Maybe that's what he should be doing, insteada fucking pouting.

Elsewhere on the Widowmaker, high-heeled boots were clacking on the grated floor of the CIC. Miranda had just exited the elevator and turned towards the armoury. She ignored Yeoman Chambers, too, as at this point she'd no time for any of the minor things this Kelly was responsible for. Yes, she'd far bigger things on her mind at this juncture—like what allies she might still have.

Miranda entered the armoury at the same time Jacob was trying to exit it.

"Jacob I—"

"Shit, Miranda—my bad I—"

They paused.

"Sorry, you were saying—"

"—on me, I wasn't watching where—"

"Oh, sorry."

"Sorry, I'm…"

They paused again.

"Okay, who's going first?" Jacob said.

"You start—I'm in your office, for lack of a better term."
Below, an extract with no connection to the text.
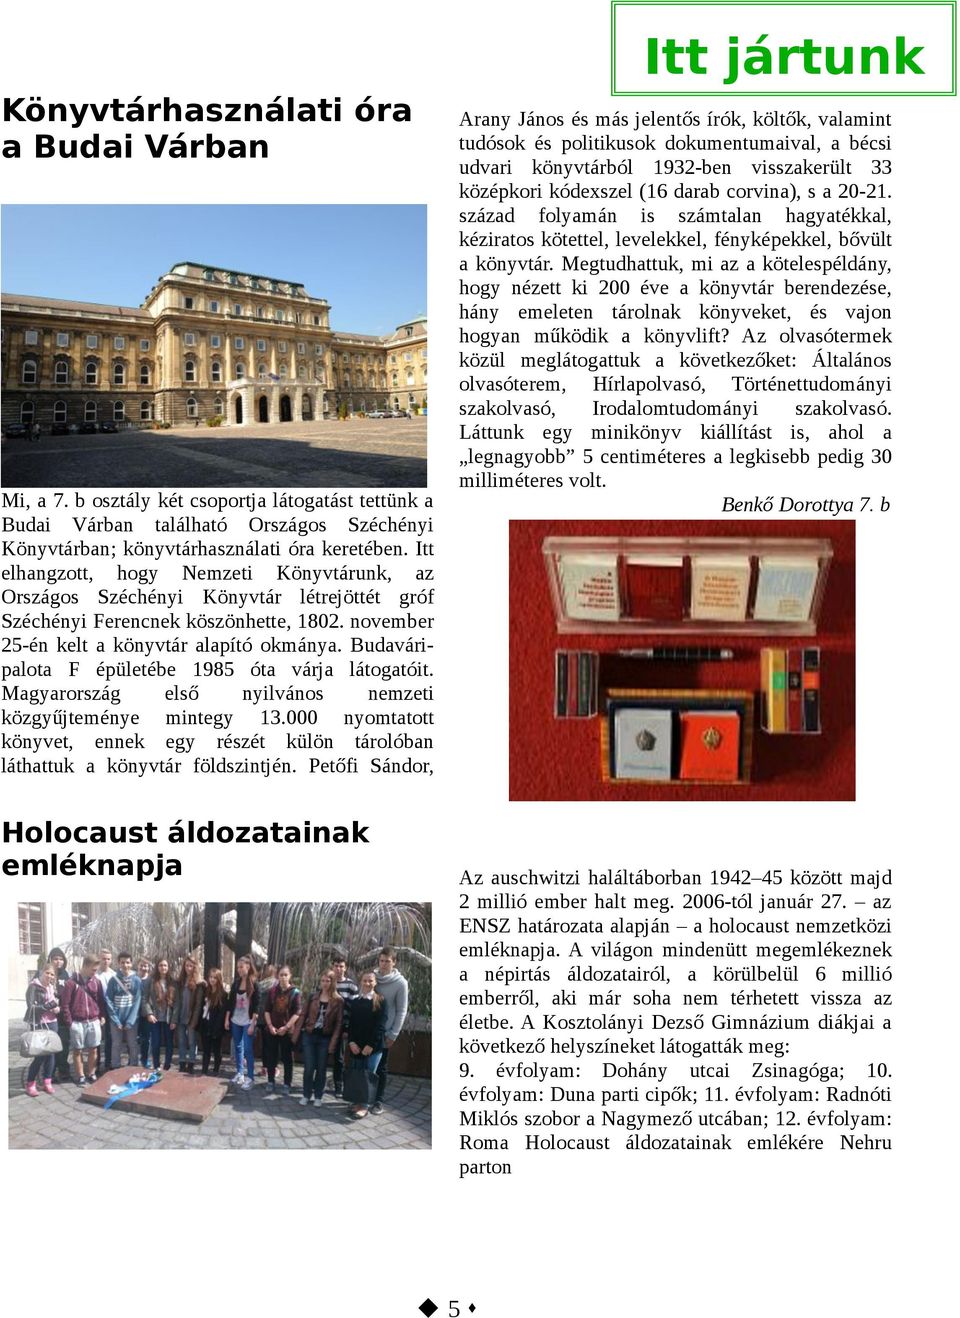 Budaváripalota F épületébe 1985 óta várja látogatóit. Magyarország első nyilvános nemzeti közgyűjteménye mintegy 13.

"Yeah uh…sure." Jacob scratched at his chin. "Uh, actually, I was about to hunt you down. For uh, for lack of a better term, I guess."

"Oh." Miranda looked into the armoury, saw nobody (not even EDI, thank god), and then looked behind her at all the ears and eyes and lips that were supposed to be following her, but likely only did so because someone else ordered them to.

Miranda pointed into the armoury.

"Why don't we move in, then? We can talk in here."

Jacob shrugged. "Fine by me. Least we've got chairs."

Miranda went for a chair; Jacob leaned against a wall. Outside the viewing port window—one way glass, luckily—dust and wind and orange from Tuchanka's sun poured over everything. Miranda instinctively swept some non-existent dust from the table next to her chair; really, it wasn't too far fetched that dust had somehow made its way past all the seals and barriers in the ship.

Jacob cleared his throat.

"So, all right…what'd you wanna talk to me about?"

"Mmm." Miranda leaned back in her chair, adjusted her back just to move a bit, give her subconscious something to focus on while she clarified her thoughts. It was…easier said than done, evidently.

"We talked about pit-stops, earlier. Before we came here."

"Right, pit-stops." Jacob switched shoulders, looked out the window briefly, then turned his eyes back to Miranda. "We talked about me being in the loop, too. Appreciate you coming to talk to me again."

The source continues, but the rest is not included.